#### Goal of the exercise:
Output a character-exact copy of the data, images removed.

#### Collected material:
══════
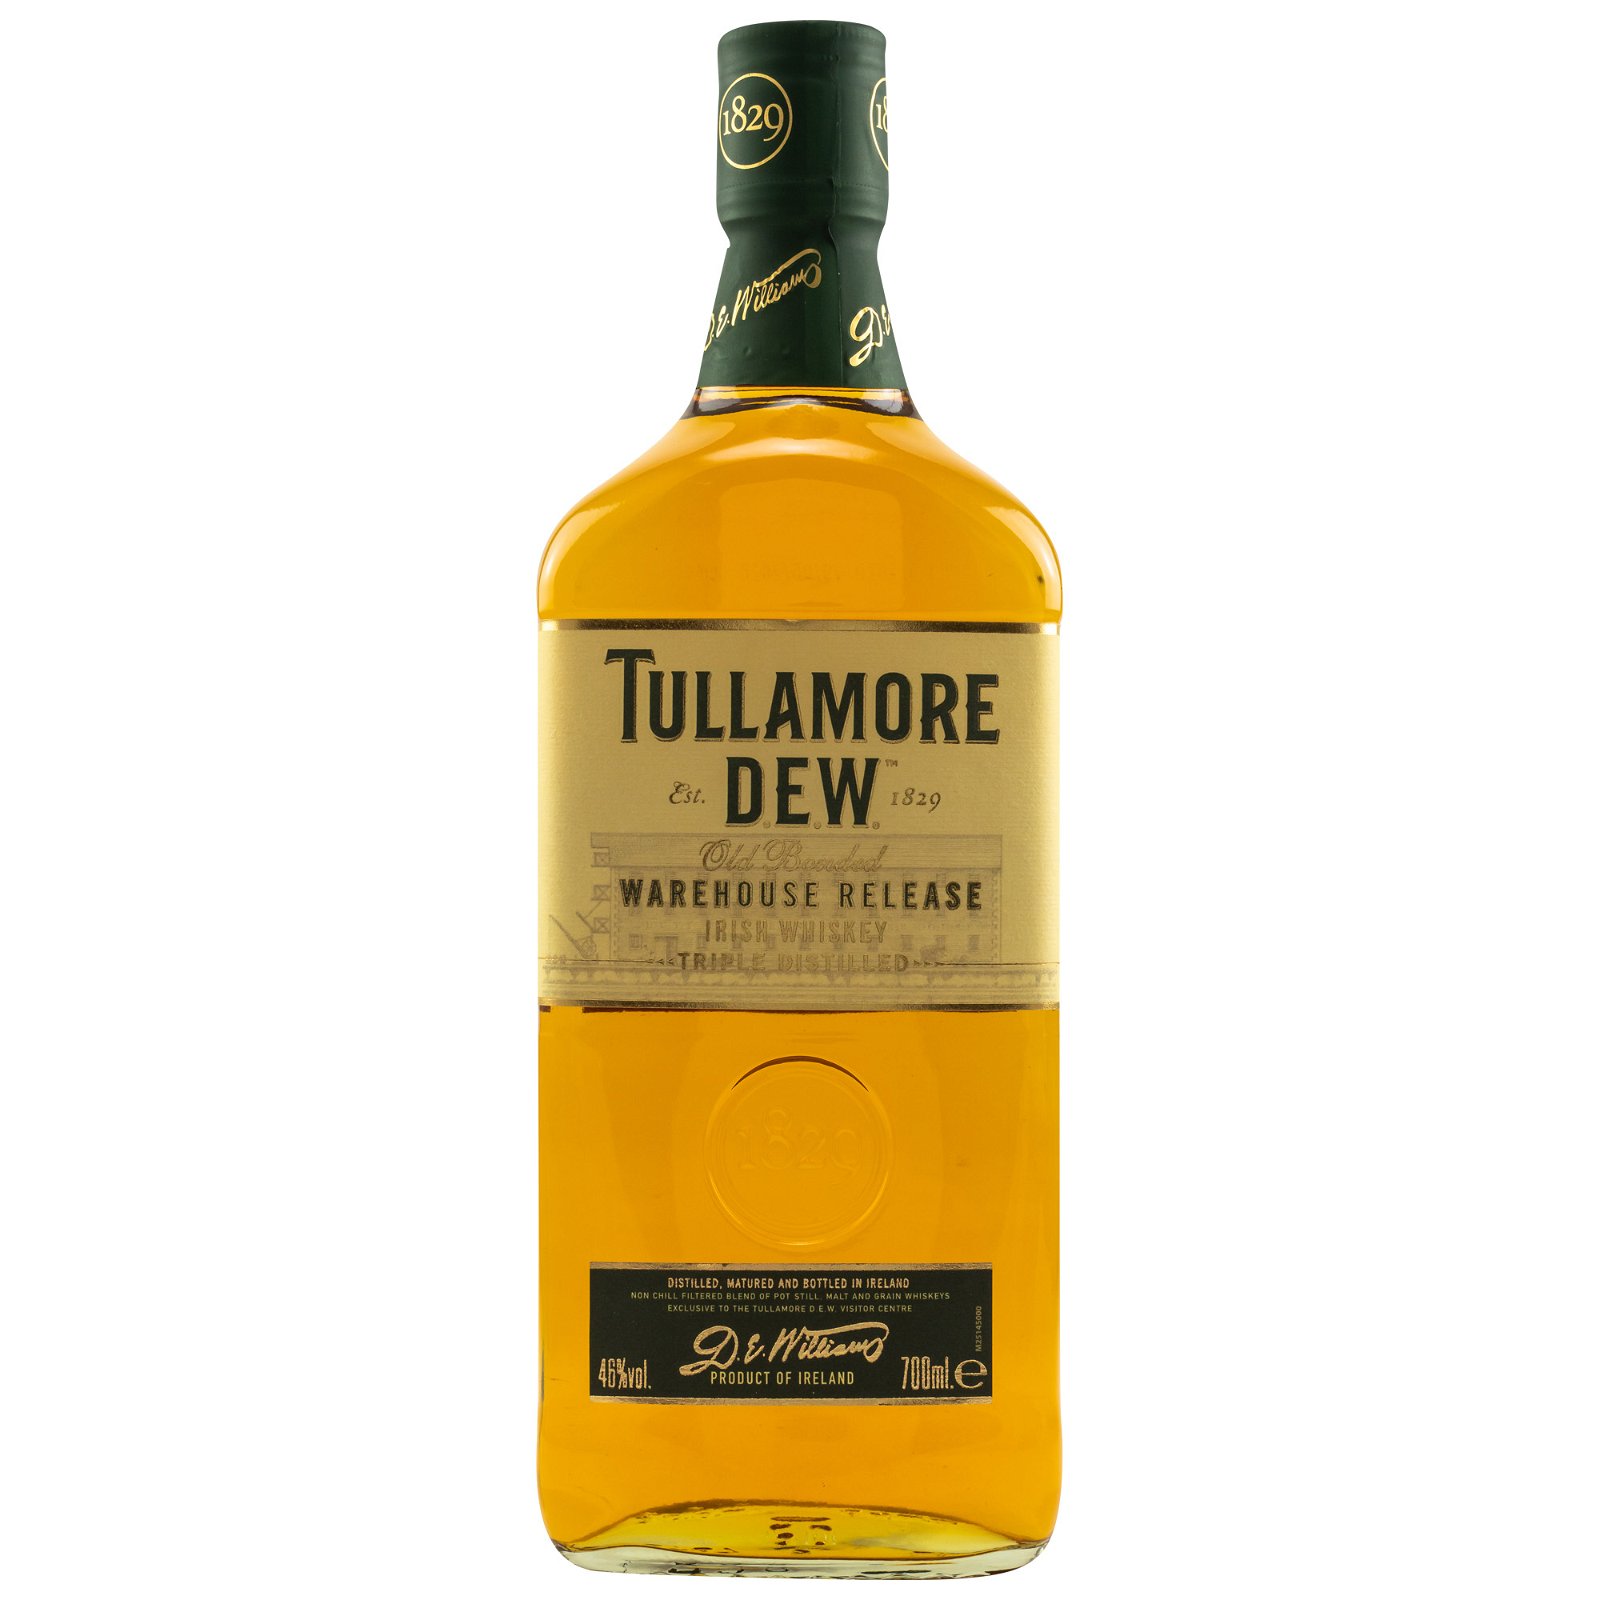 Tullamore Dew Old Bonded Warehouse Release
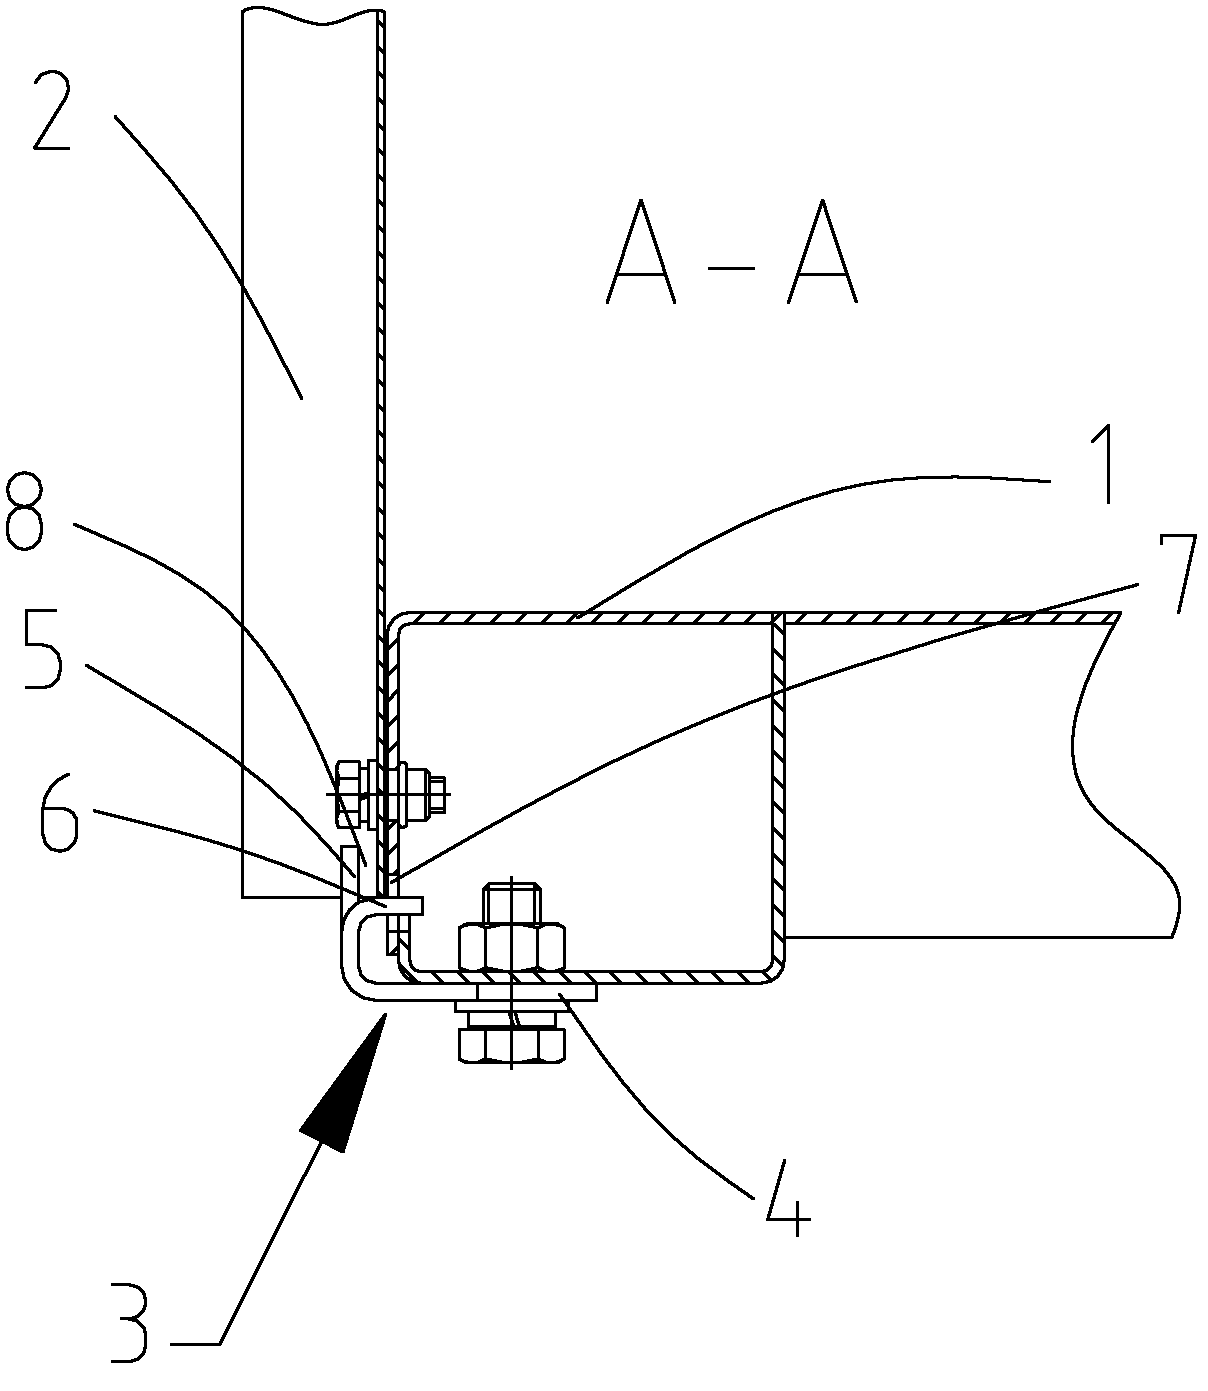 Auxiliary connecting structure for lift car wall and lift car bottom of elevator
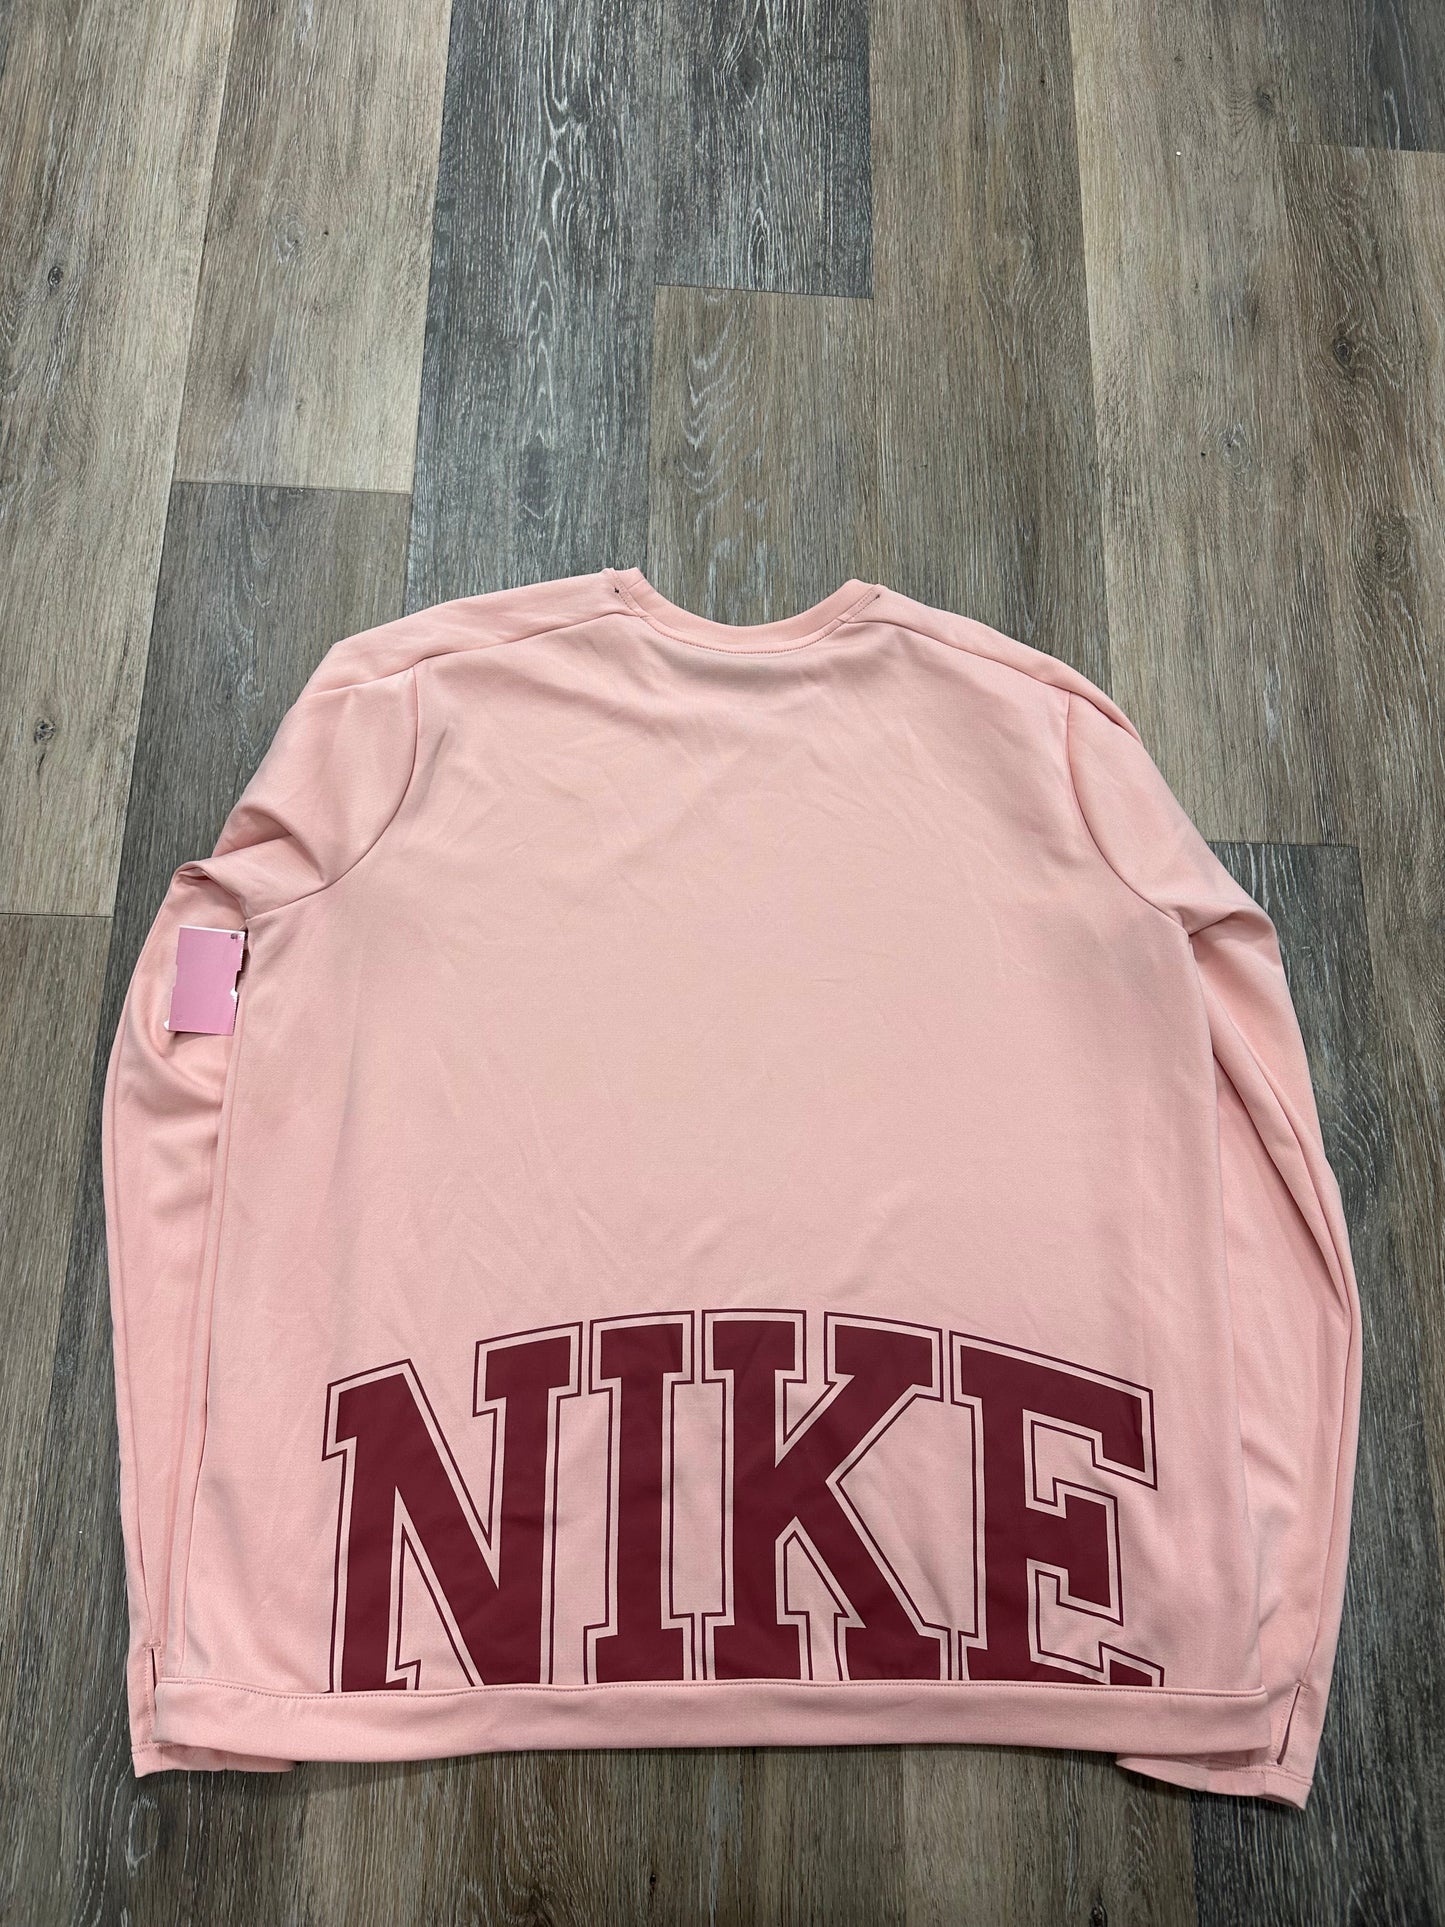 Athletic Top Long Sleeve Crewneck By Nike  Size: Xl
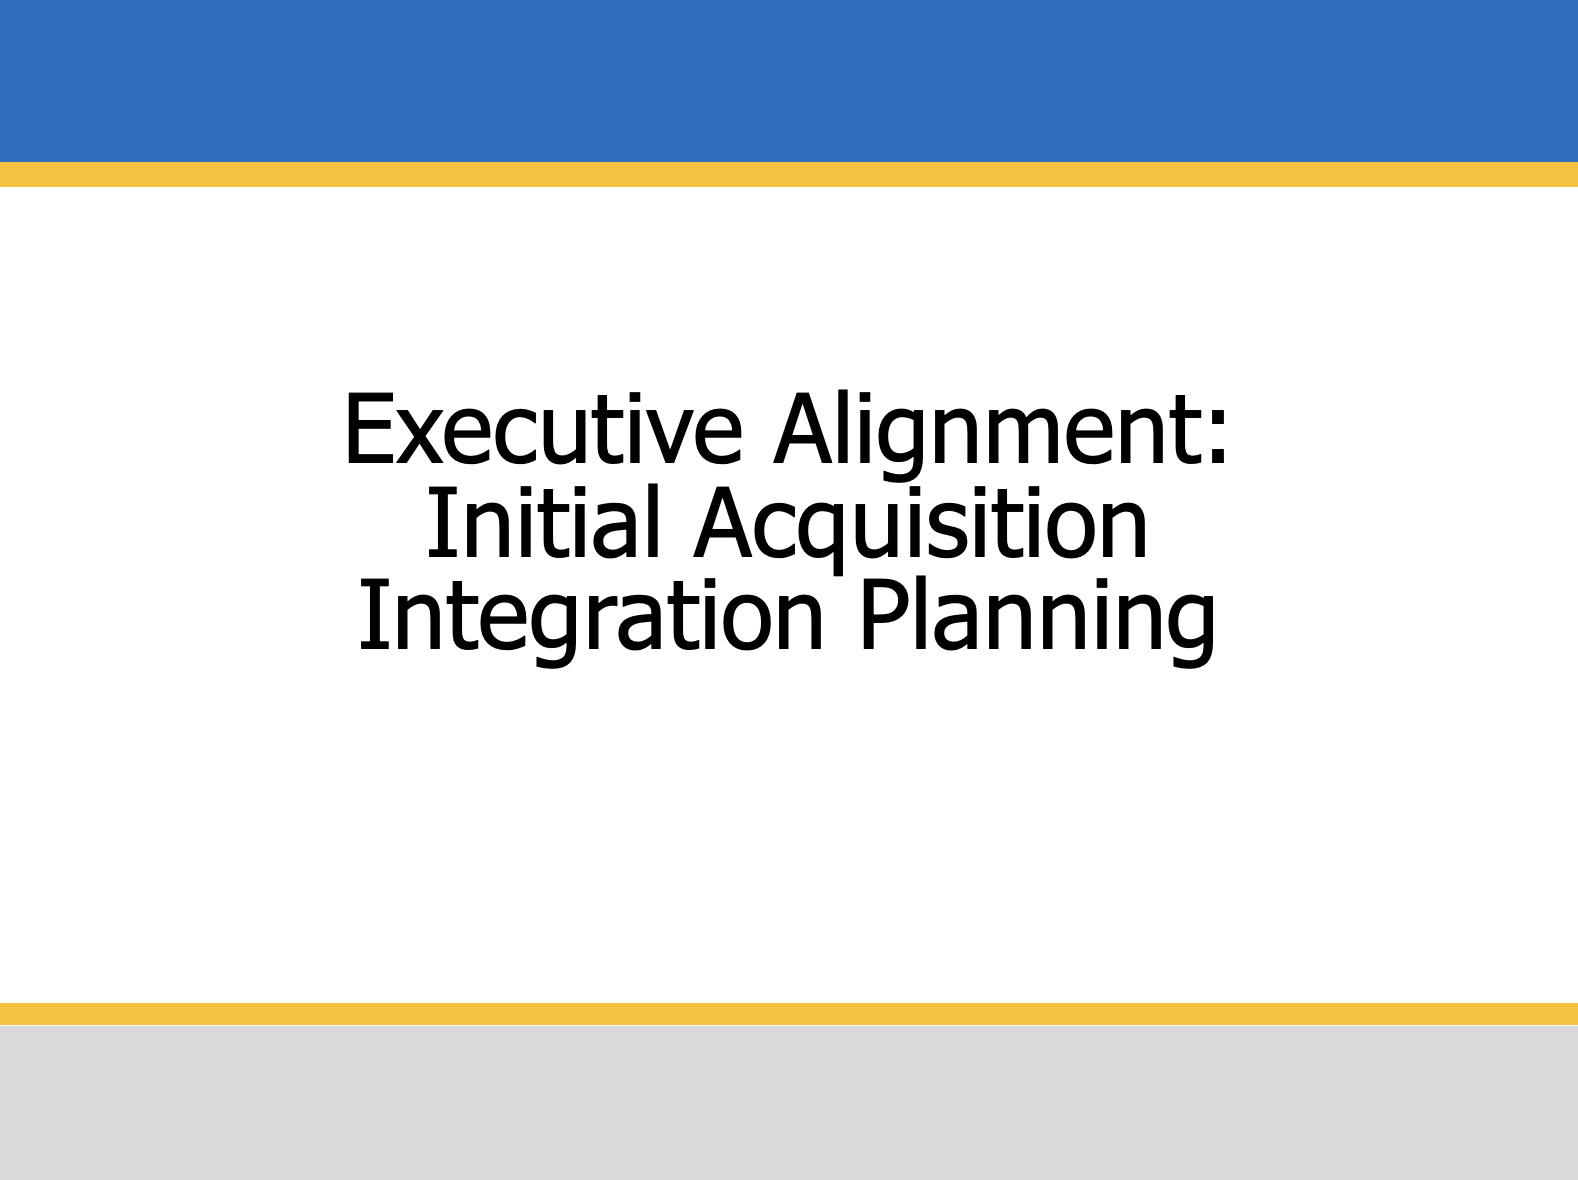 Executive Alignment: Initial Acquisition Integration Planning
══════
#### Finished task:
 Tullamore Dew Old Bonded Warehouse Release
 Auxiliary connecting structure for lift car wall and lift car bottom of elevator
 Athletic Top Long Sleeve Crewneck By Nike  Size: Xl
 Executive Alignment: Initial Acquisition Integration Planning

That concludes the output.